AWH,thanks for mentioning caramel eyore + j.fs birthday
*and thanks for telling me to write more for my fanfiction! lol *
happy birthady
Akasha Maheret and Elvis Aaron!:dude:


----------



## JadeIcing (Aug 1, 2009)

Thank you!!


----------



## Saudade (Aug 1, 2009)

! You forgot Lucy, Minda!


----------



## Elf Mommy (Aug 1, 2009)

eep! She's not on the calendar, Dave!

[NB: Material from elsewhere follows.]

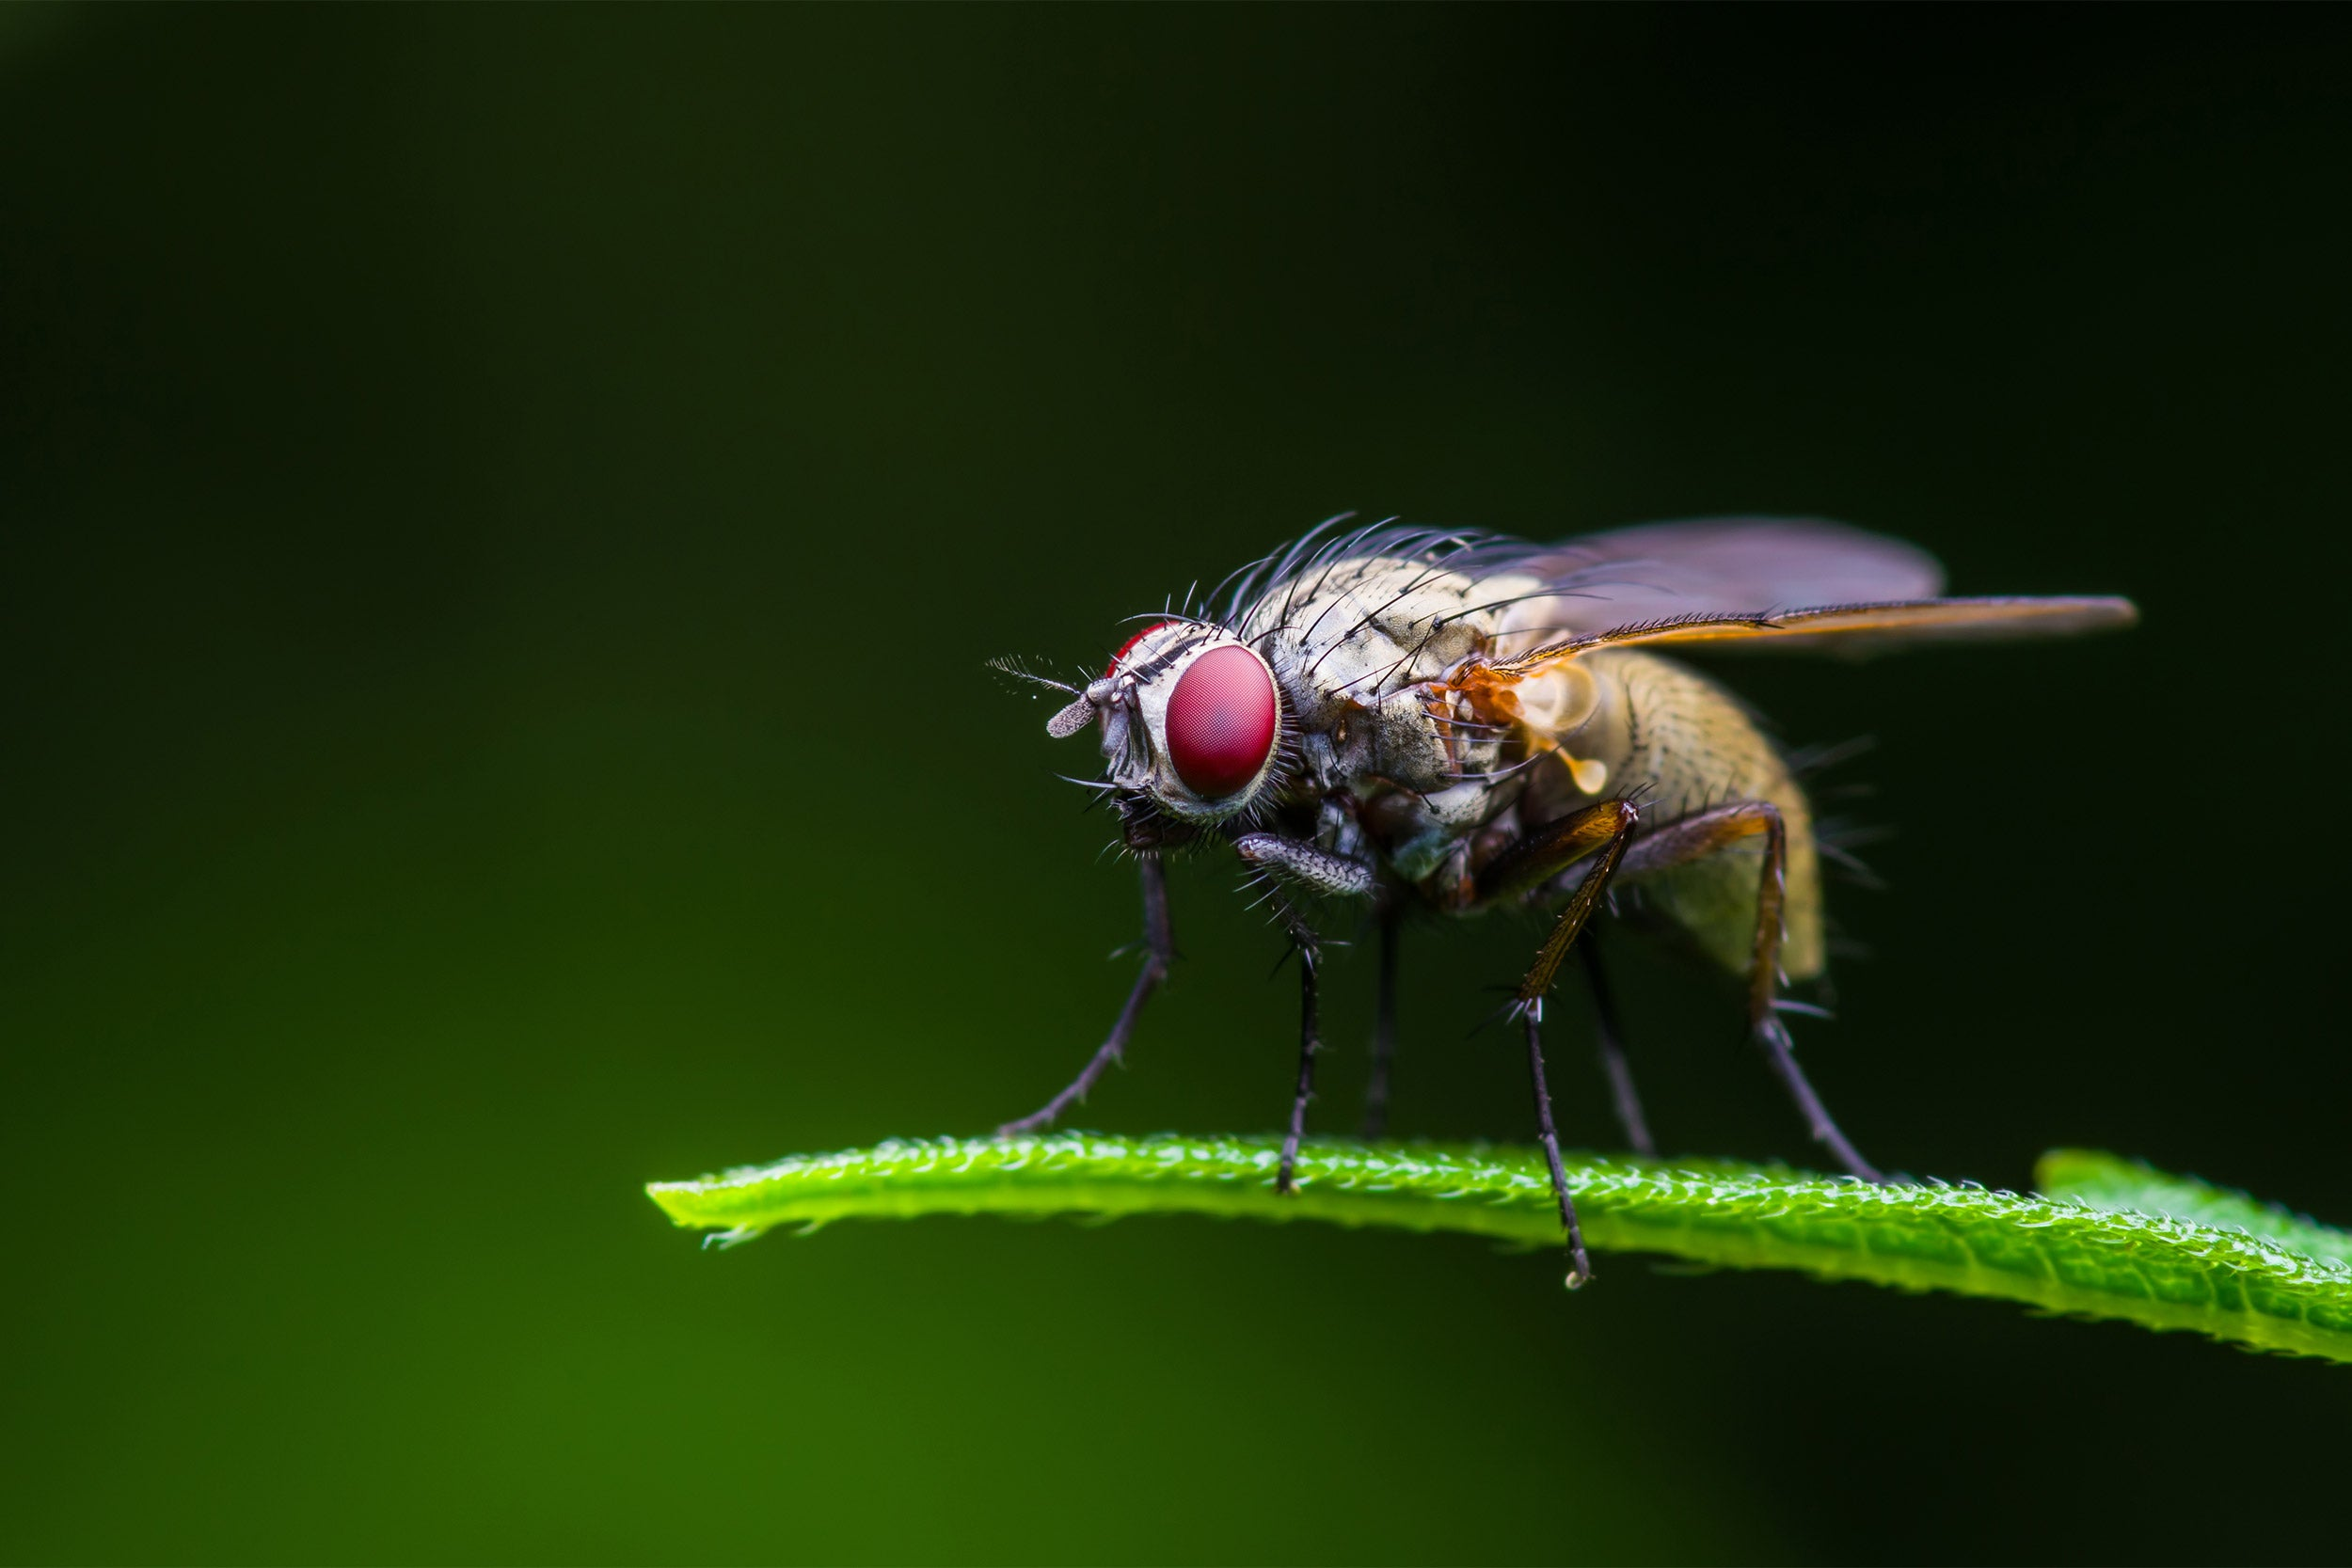 Fruit fly up close.

I'll add her in.


----------



## irishlops (Aug 1, 2009)

hey, ill take a picture of carmel and eyore.. so you can post it miranda on the page like lucys


----------



## Saudade (Aug 1, 2009)

Yay! Thank you minda!
Picked the cutest pic of her too


----------



## mouse_chalk (Aug 1, 2009)

Great news, as always! 

I wish that picture of the sun for August was even a little bit relevant here- been pouring down daily for weeks now...


----------



## kirbyultra (Aug 1, 2009)

Happy birthday Luuuucy!!! Shower her with kisses for me! Beautiful girl


----------



## Happi Bun (Aug 2, 2009)

Great job Minda!

Thanks for mentioning Dunkin and Dewey. :bunny24


----------